The Continued Evolution Of The Digital Twin For Both Patient And Surgeon

Using a surgical training simulator with a surgeon, and potentially also a surgical robot, opens up a wide range of scenarios for patient replication. That’s where the concept of digital twins will lead to new possibilities for healthcare and reduction in intraoperative challenges and improved patient outcomes. At its base level, digital twins are collections of data and computer models that can replicate the actions and environments of different individuals or populations in training as well as in the OR. When we think about this in the context of surgical simulation and education, there are two particularly interesting use cases worth mentioning: the digital twin patient and the digital twin surgeon.

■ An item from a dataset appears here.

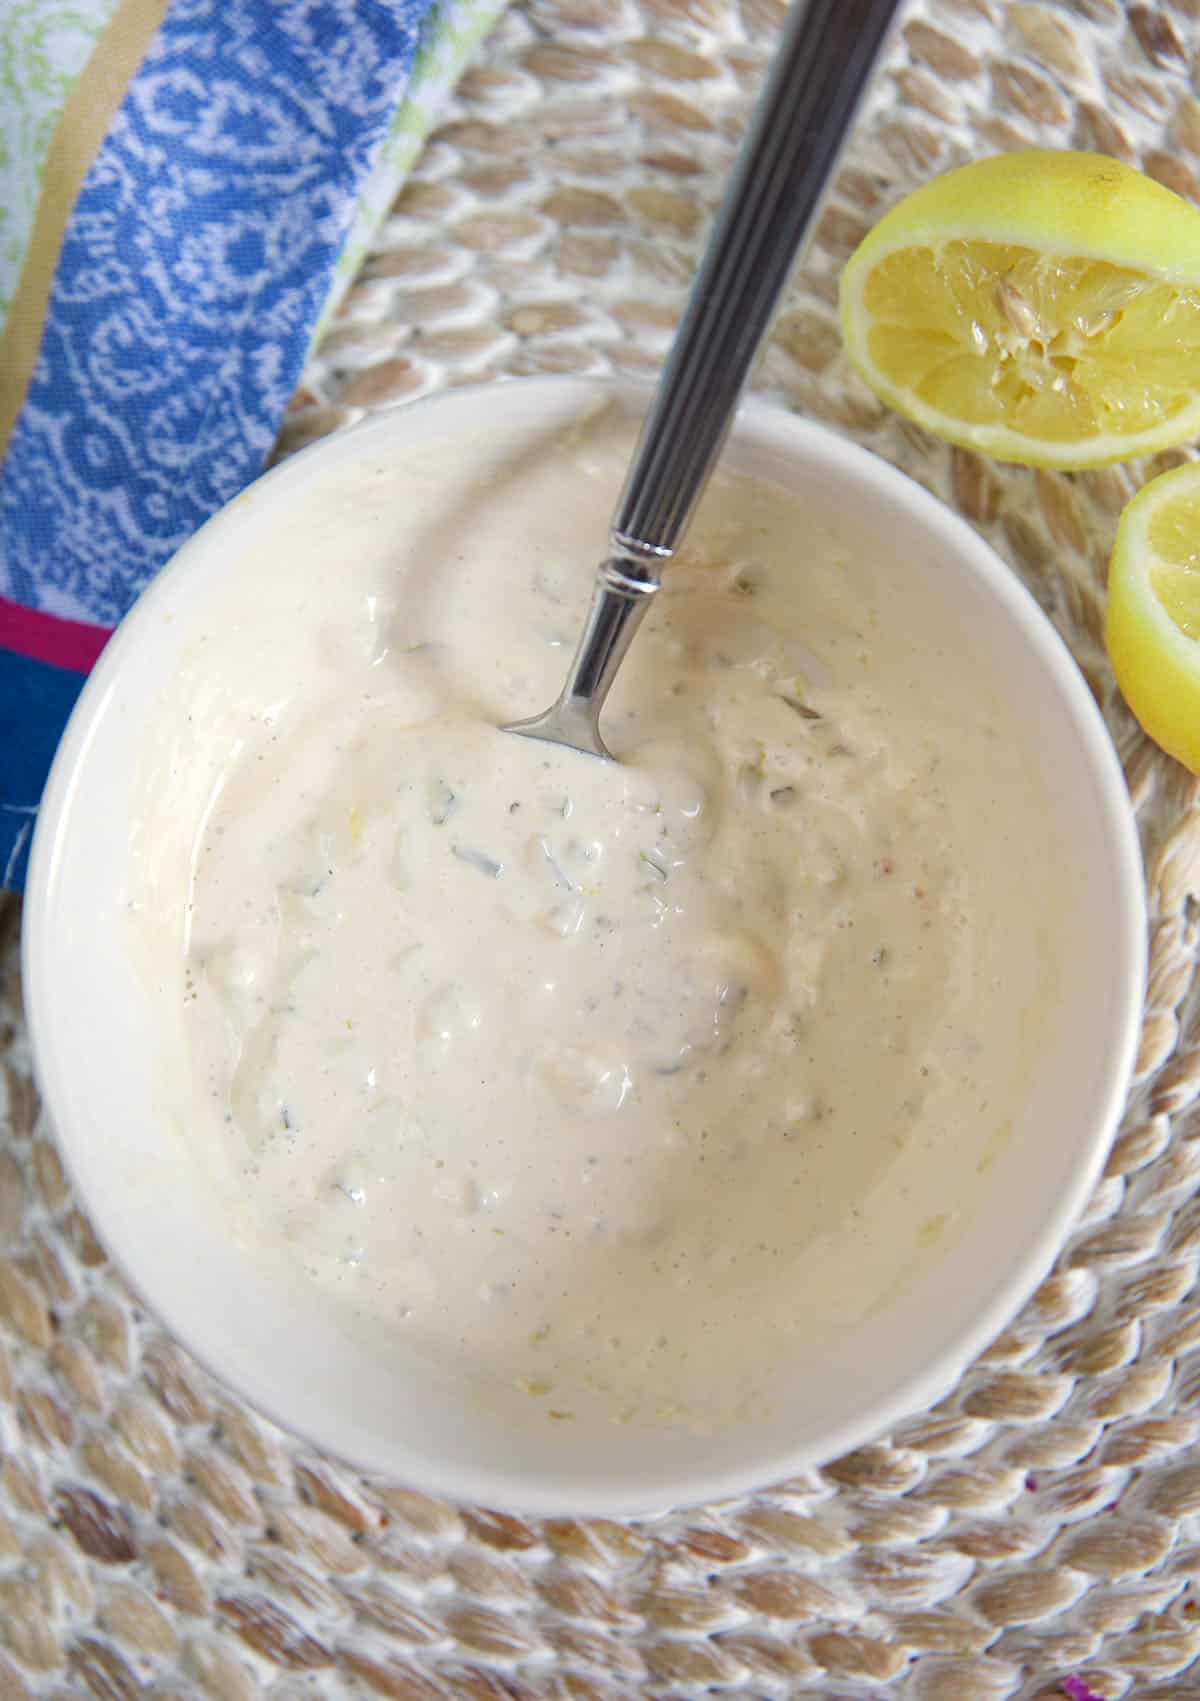 Tartar sauce has been mixed thoroughly in a white bowl.

At the most general level, the “digital twin patient” provides a patient model that captures the anatomical variations a surgeon can expect to encounter in the operating room, from general size and position to the number of pathologies present in the body. Within simulation technology, trainee surgeons can practice a broad range of scenarios on these digital twin patients. The digital twin patient can also be individualized. A specific patient’s anatomy can be replicated digitally, allowing surgeons to rehearse a procedure with a single patient in mind. This would typically be for a patient with a complex or unique pathology, or for certain steps in an operation that the surgeon is less familiar with.

On the other side of the coin, the “digital twin surgeon” is a digital representation of a surgeon’s skills and expertise. A digital surgeon can take many roles in surgical training. It can provide basic-level instruction, such as mentoring and guiding a trainee through a virtual surgery or skills assessment. It also can offer higher-level benefits such as assisting a primary surgeon in an operating room in real time. Like with digital twin patients, digital twin surgeons can be based on data for generalized surgical skills or be a “twin” of a specific surgeon performing a specific procedure.

Using simulation technology, we can measure many aspects, from how the surgeon performs a surgery to how the digital patient reacts. Using machine learning, simulator algorithms can be trained to instruct based on how best-in-class surgeons are performing these procedures. From there, we can start to add variables such as how a beginner, intermediate, or expert surgeon performs a surgery not only in training but also in the OR.

Innovations Will Drive Simulation Forward — If We Let It

In healthcare, for the benefit of patients, we need to leverage assets that are being produced in the larger technology industry and lean into what’s possible with machine learning and system optimization to continually unleash the potential of simulation. Ultimately, that will enable companies to move from the past, where they released a new simulator perhaps once a year, to a point where they can release new content on a regular basis that covers the variability we see in real-life patients. Once there, we can continually provide new realistic learning content for surgeons, integrating these feedback loops during the surgery and ultimately producing a better patient outcome.

About The Author:

Raimundo Sierra, Ph.D., co-founded VirtaMed in 2007. As CEO, he has driven the development of the company’s long-term growth strategy and guided the transition from a start-up to a globally present company. At first unfamiliar with computers, Sierra quickly discovered his passion for software, algorithms, computer vision, and its application to non-engineering fields at ETH Zurich and through his postdoctoral research on simulation technology in Boston. Over the years, he has also served as a consultant at McKinsey and as head of a corporate digitization unit at Syngenta.